* What the task requires *
Everything from the line that has "Тульский художник Павел" to the last line of the listing must be repeated exactly, and nothing more; omit the pictures.

* Exercise data *
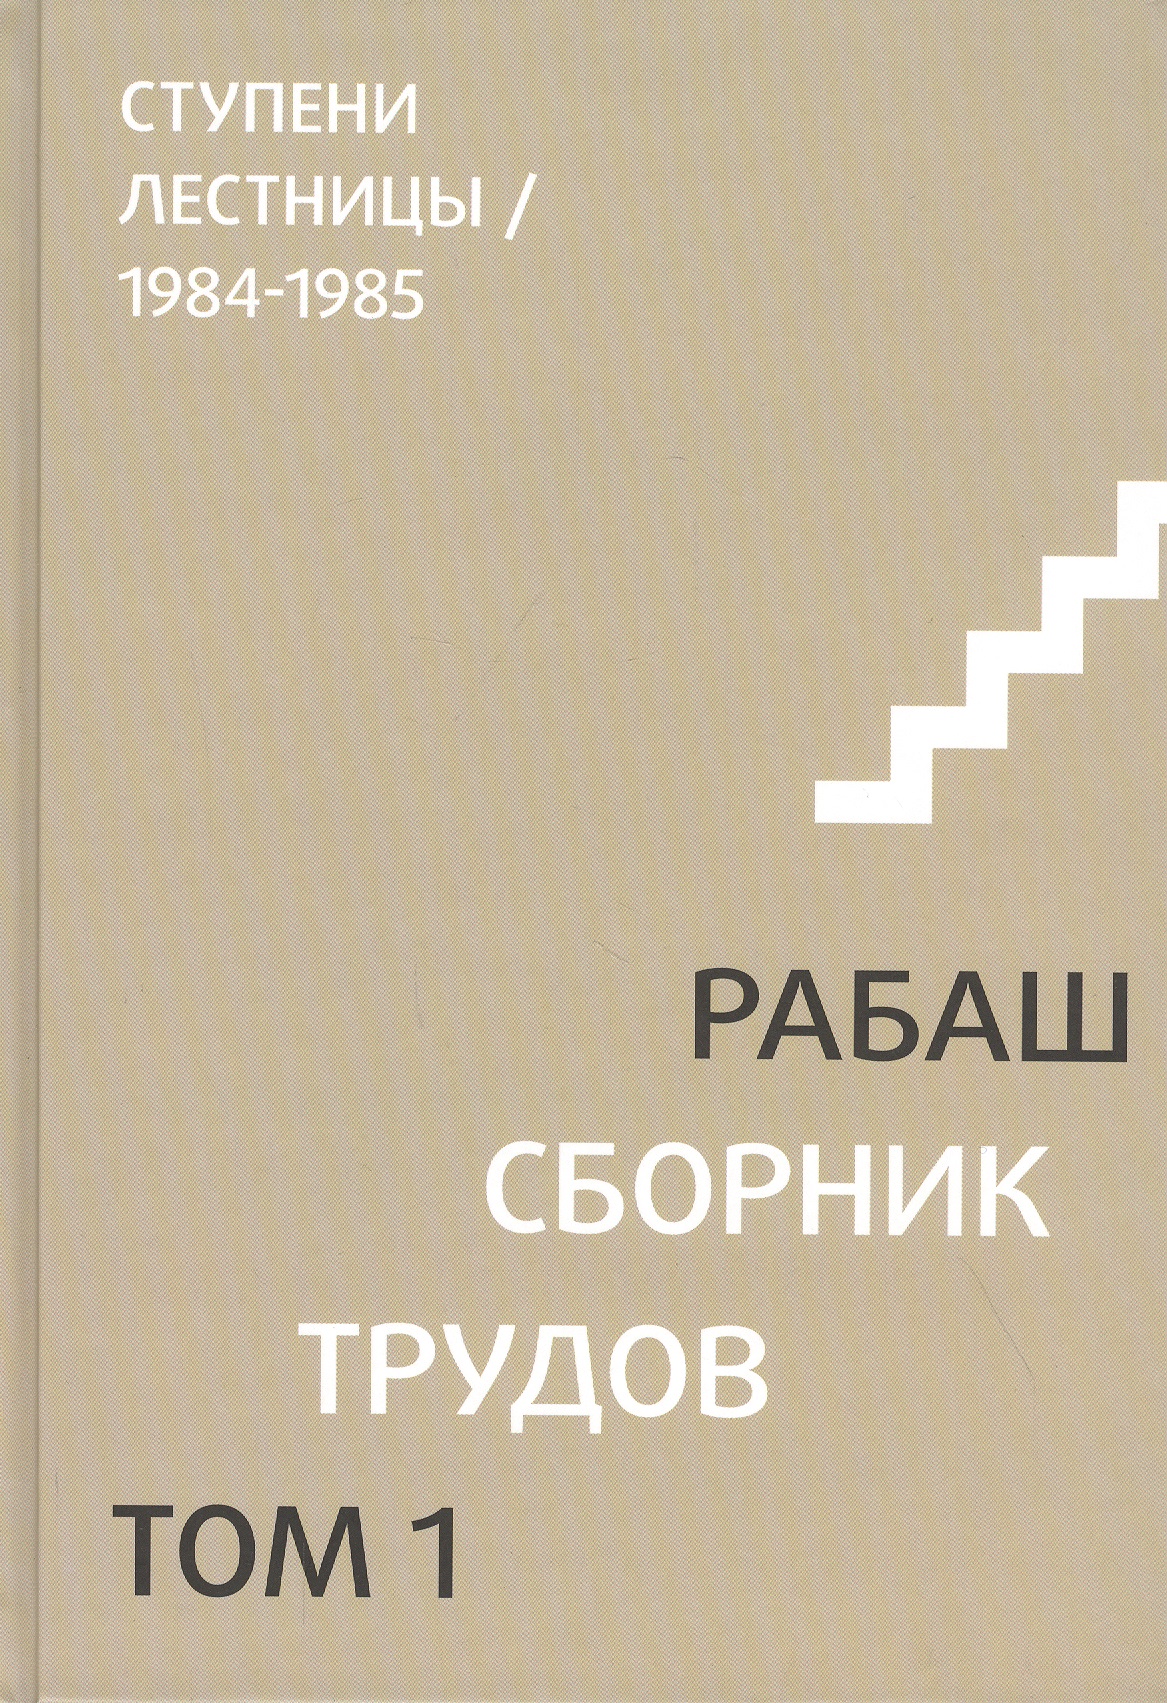 Сборник трудов. Том 1. Ступени лестницы 1984-1985 рабаш даргот сулам часть 1
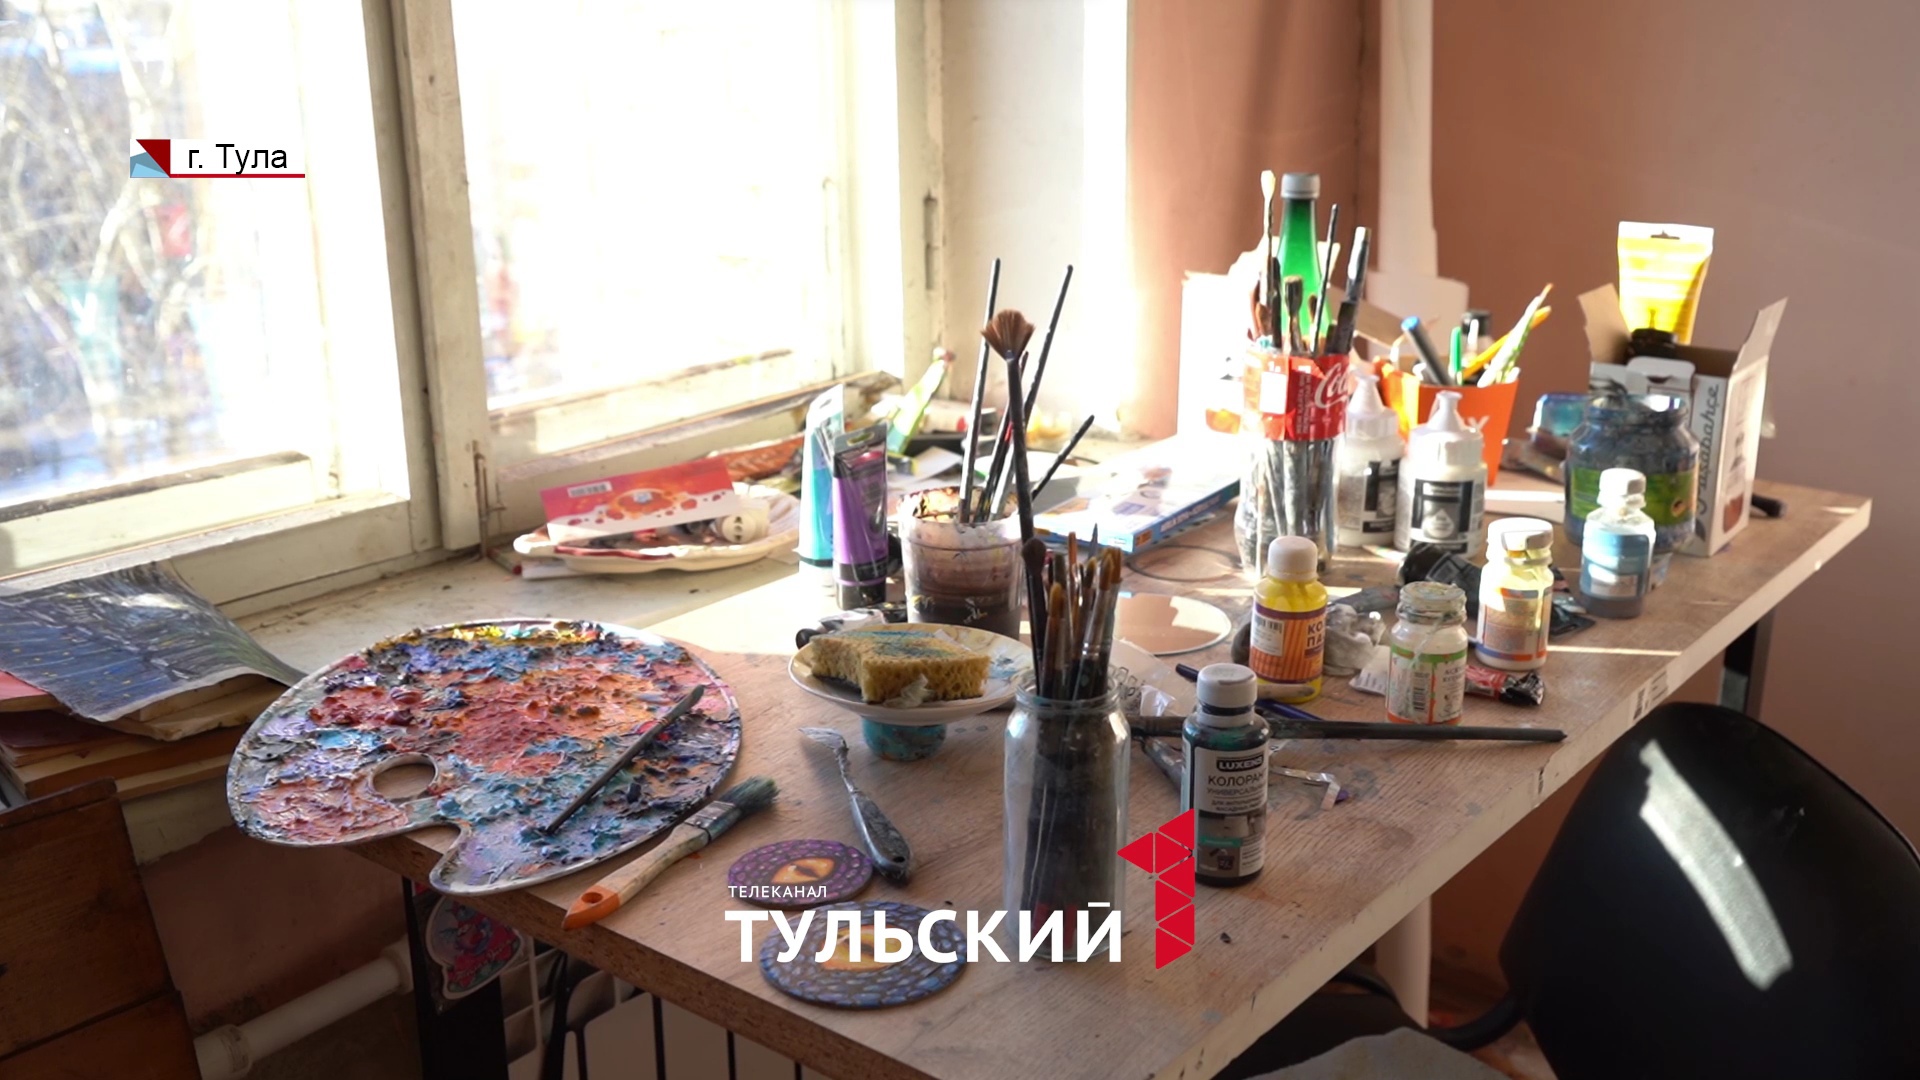 Тульский художник Павел Семенов дает вторую жизнь ненужному хламу
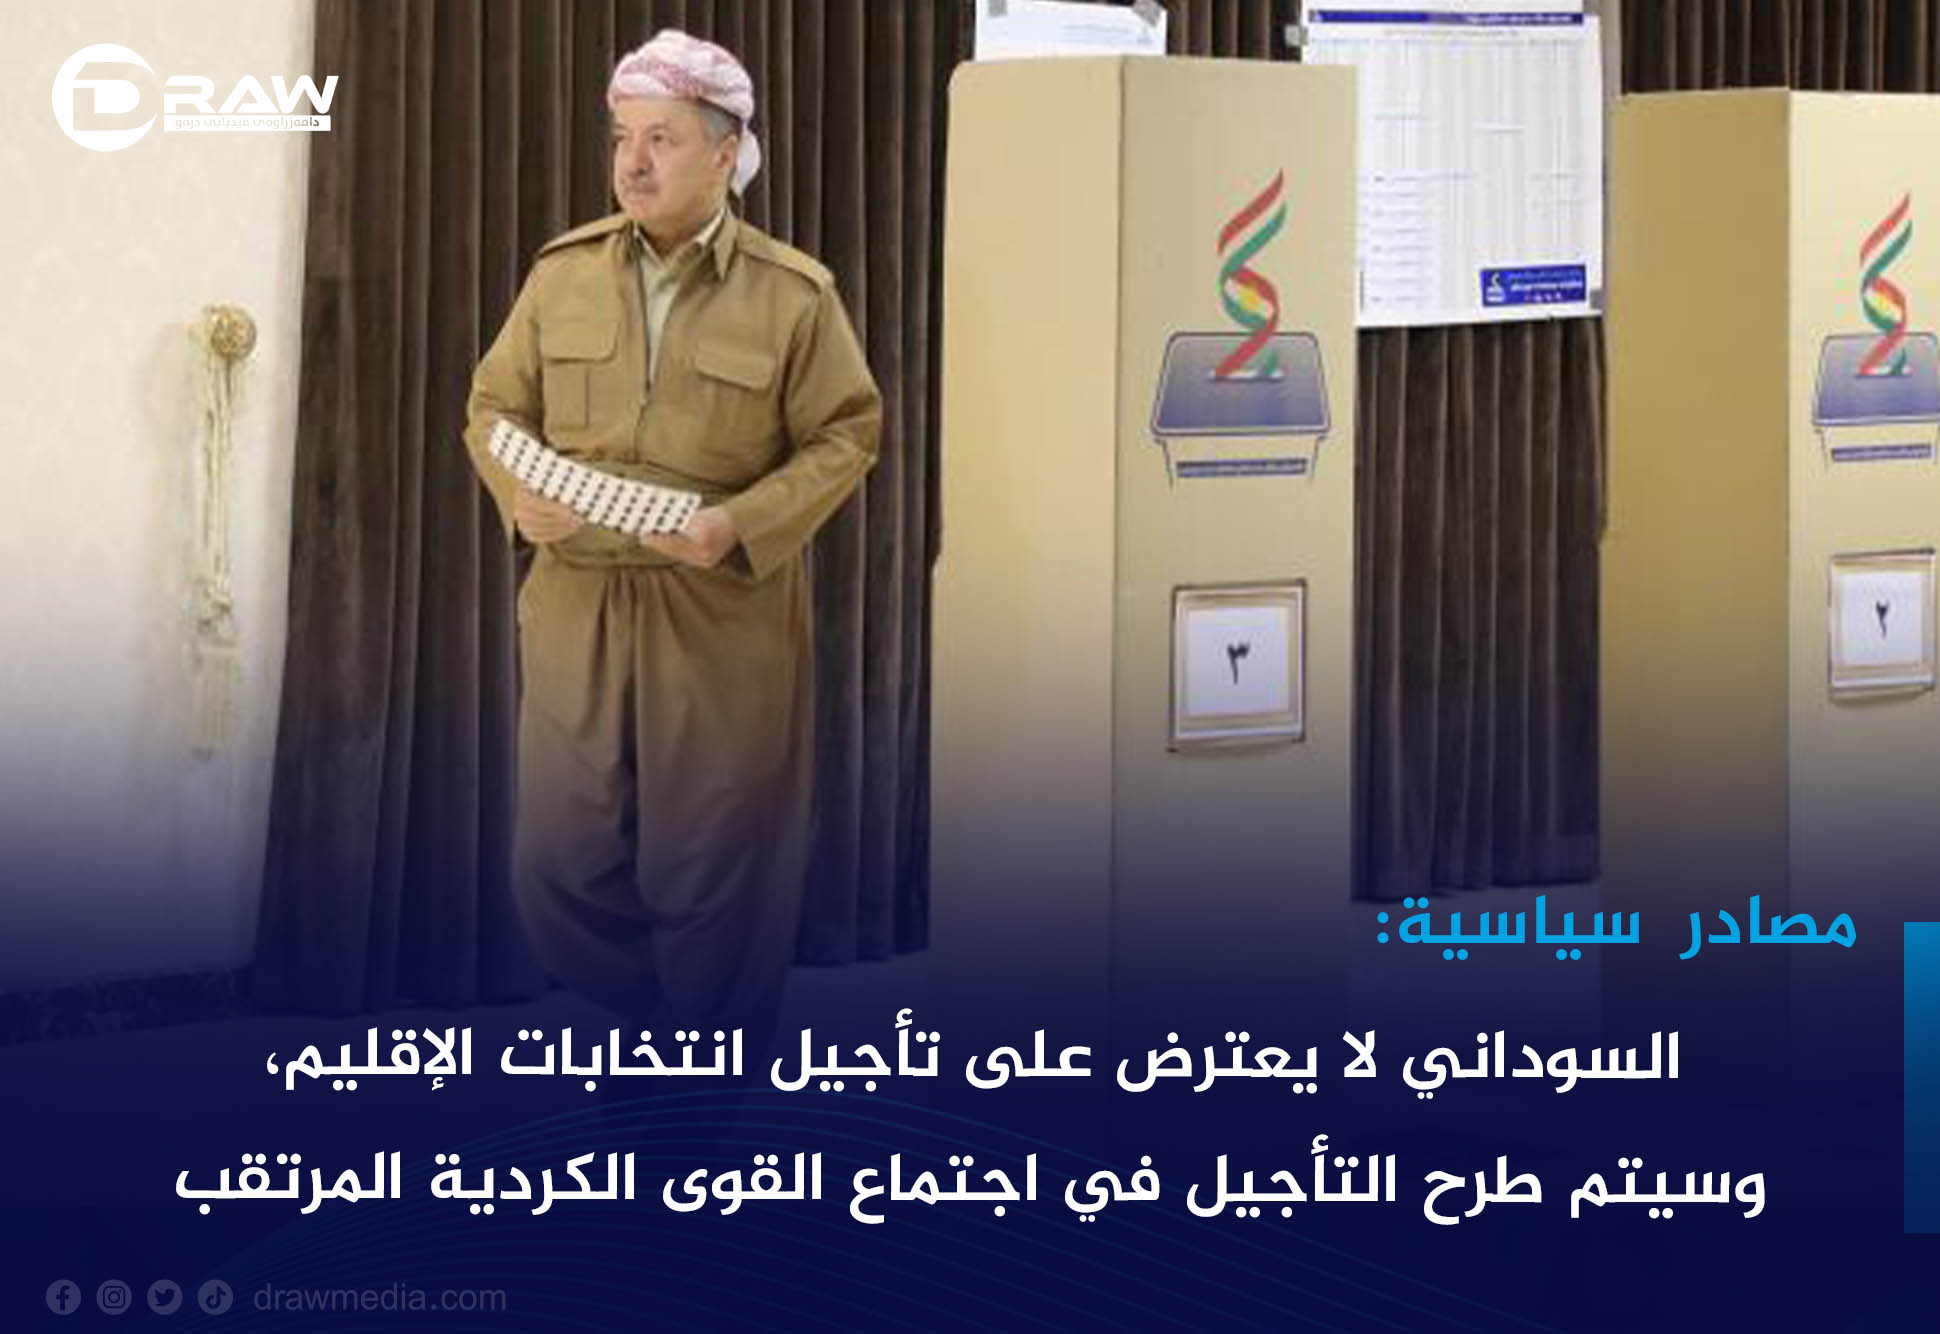 DrawMedia.net / مصادر سياسية: السوداني لا يعترض على تأجيل انتخابات الإقليم، وسيتم طرح التأجيل في اجتماع القوى الكردية المُرتقب

* Solved exercise *
 Тульский художник Павел Семенов дает вторую жизнь ненужному хламу
 DrawMedia.net / مصادر سياسية: السوداني لا يعترض على تأجيل انتخابات الإقليم، وسيتم طرح التأجيل في اجتماع القوى الكردية المُرتقب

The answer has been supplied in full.